■ Data shown:
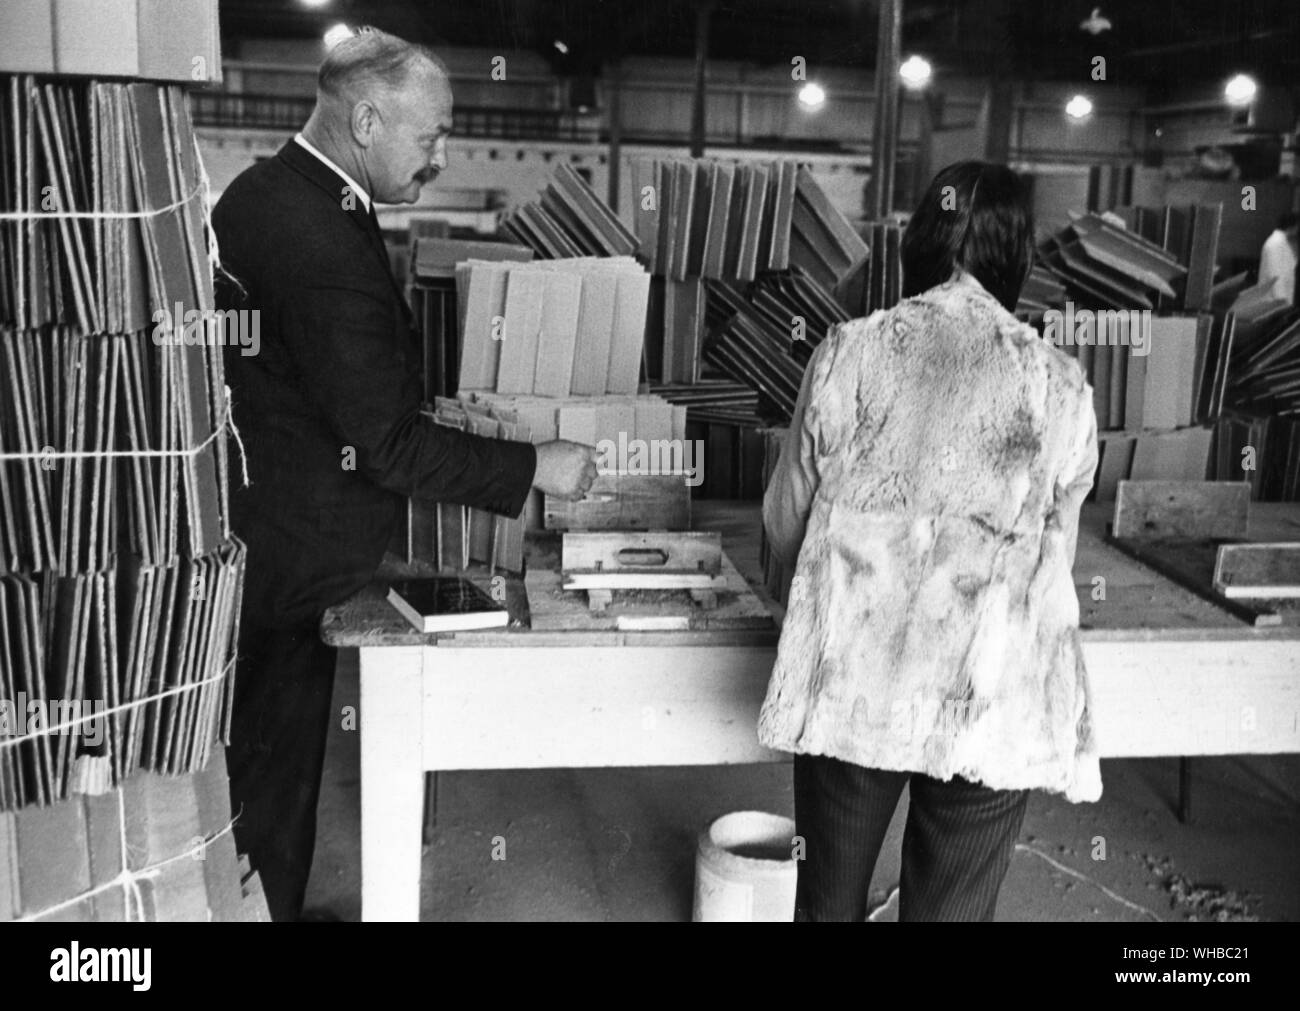 Drug centre at St. John's Hospital , Lincoln - picture showa a doctor looking on as a 17 year old drug addict makes cardboard boxes in the rehabitation section of the hospital.. Stock Photo
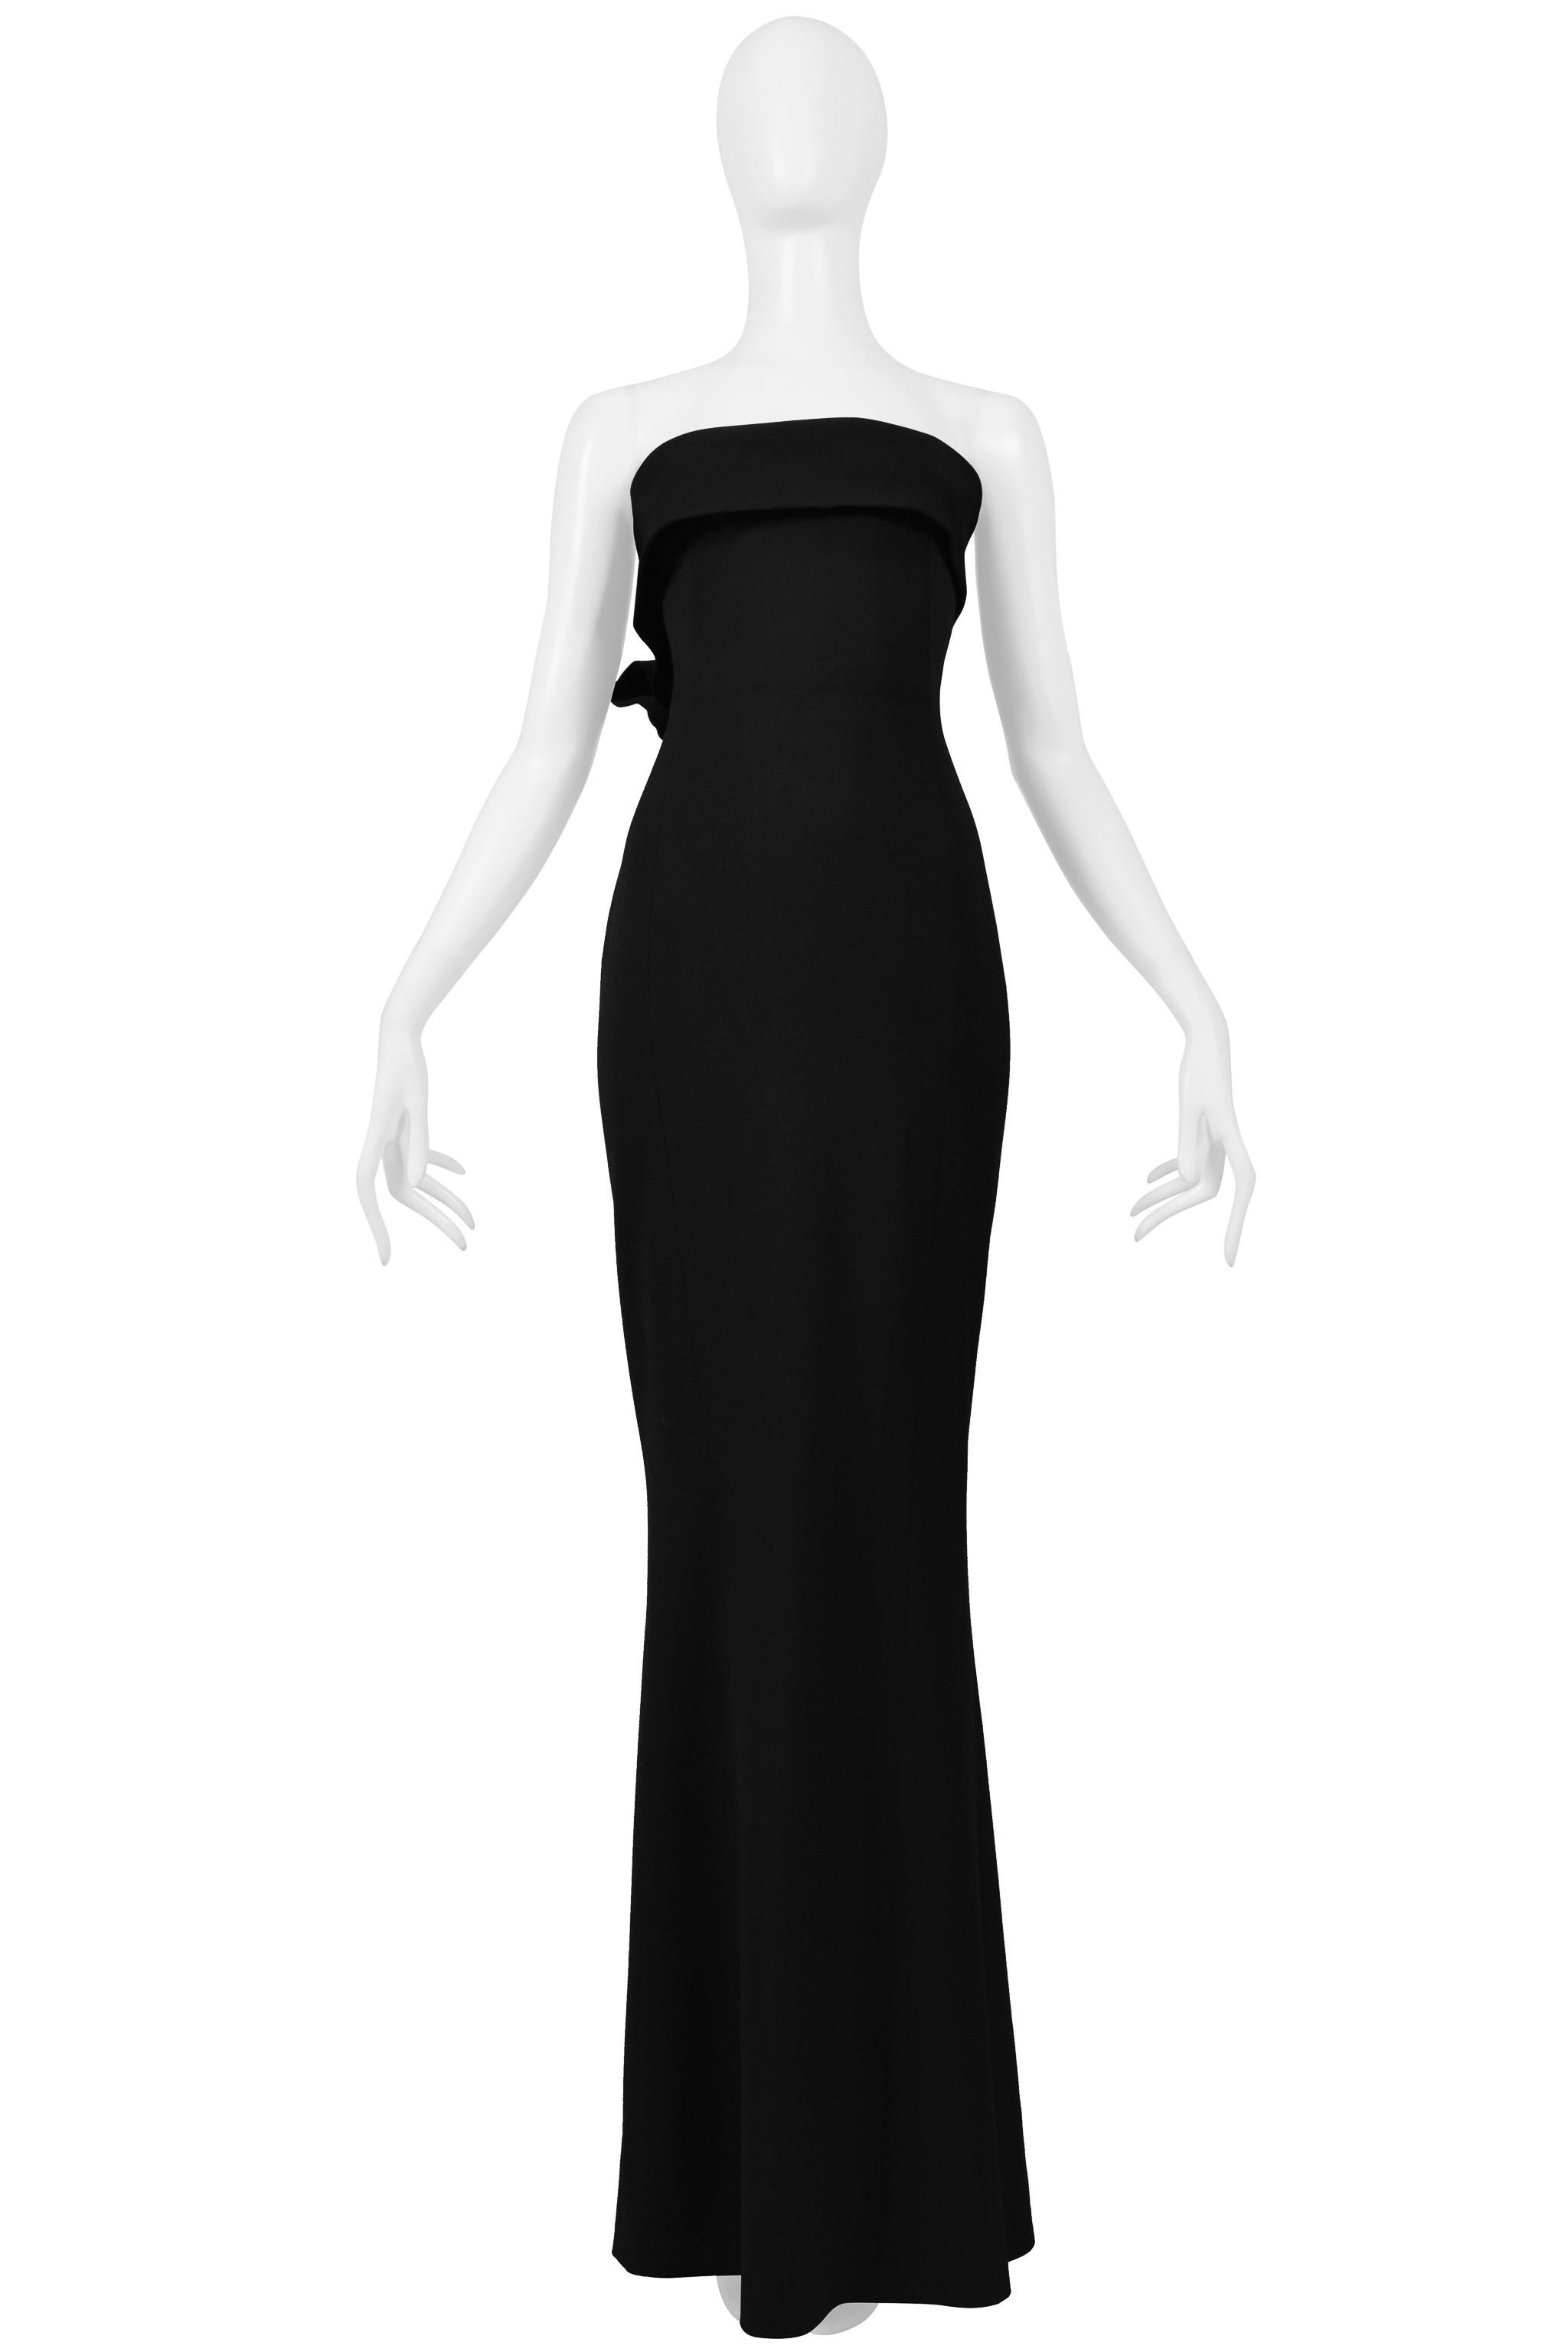 Dsquared Black Strapless Evening Gown With Bow 2014 For Sale 1
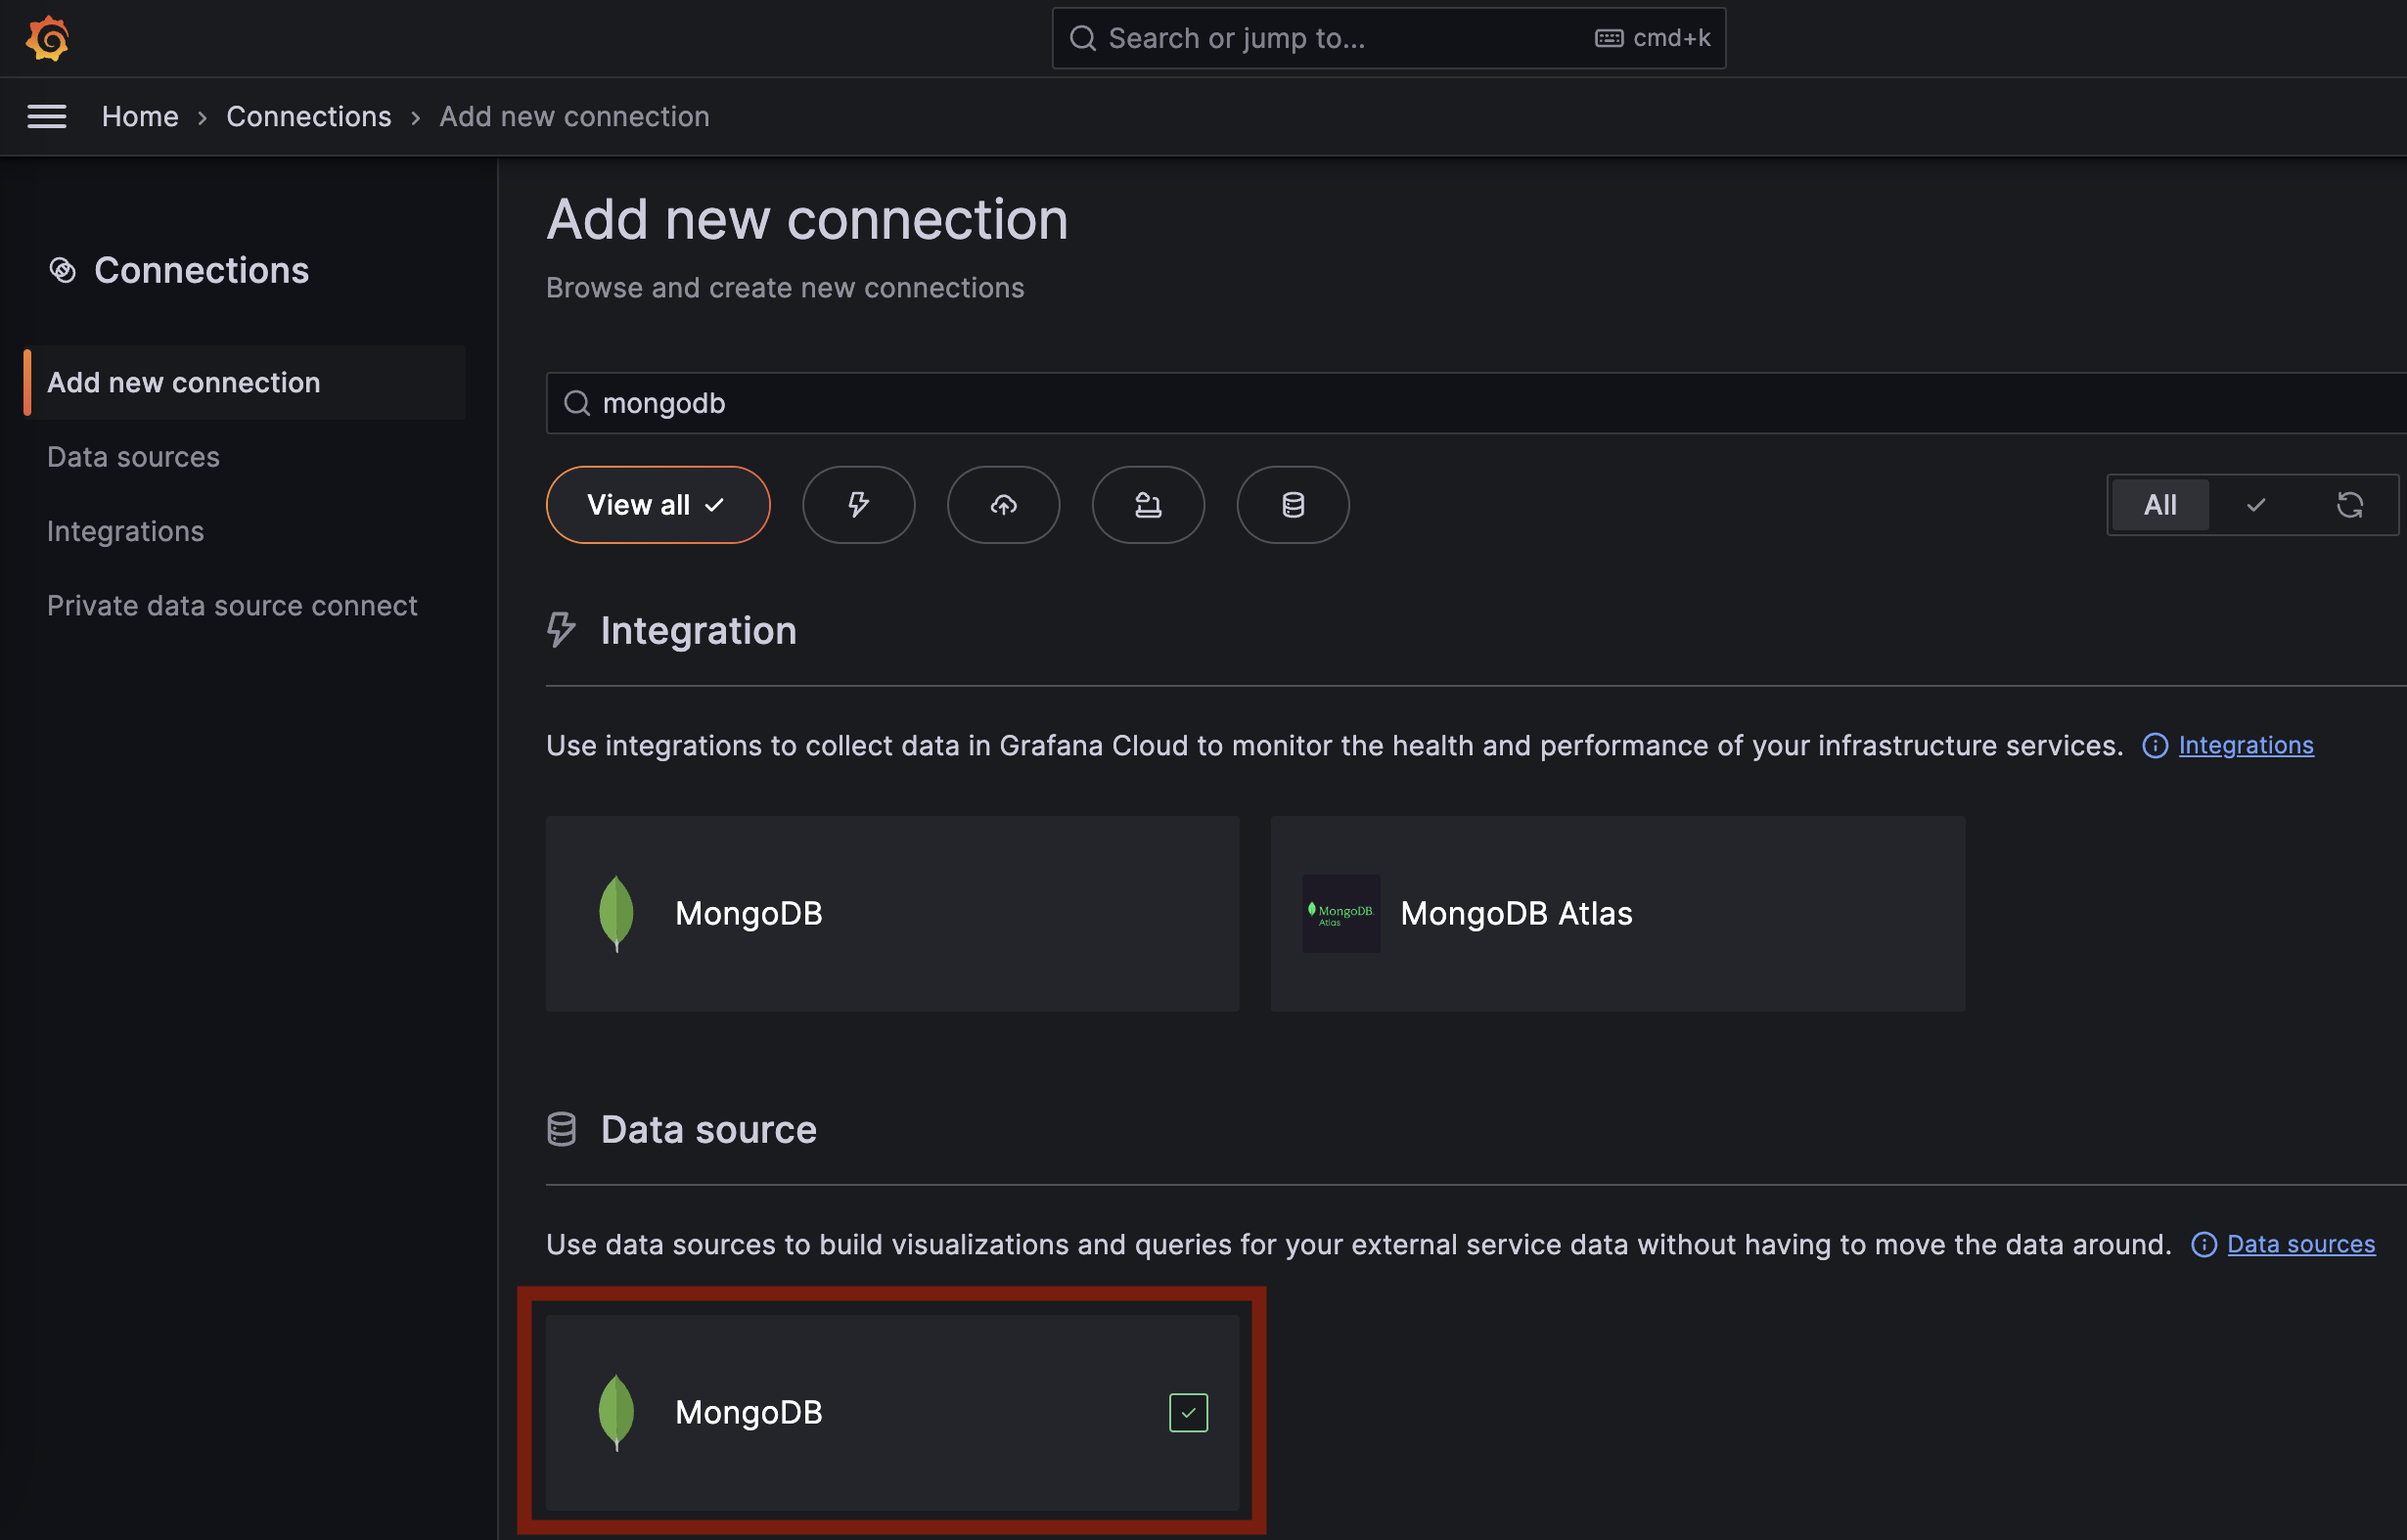 The Grafana configuration page for adding a new connection, with the MongoDB data source shown

■ Your instructions:
With images omitted, output the data exactly as given.

■ Final answer:
 Drug centre at St. John's Hospital , Lincoln - picture showa a doctor looking on as a 17 year old drug addict makes cardboard boxes in the rehabitation section of the hospital.. Stock Photo
 Dsquared Black Strapless Evening Gown With Bow 2014 For Sale 1
 The Grafana configuration page for adding a new connection, with the MongoDB data source shown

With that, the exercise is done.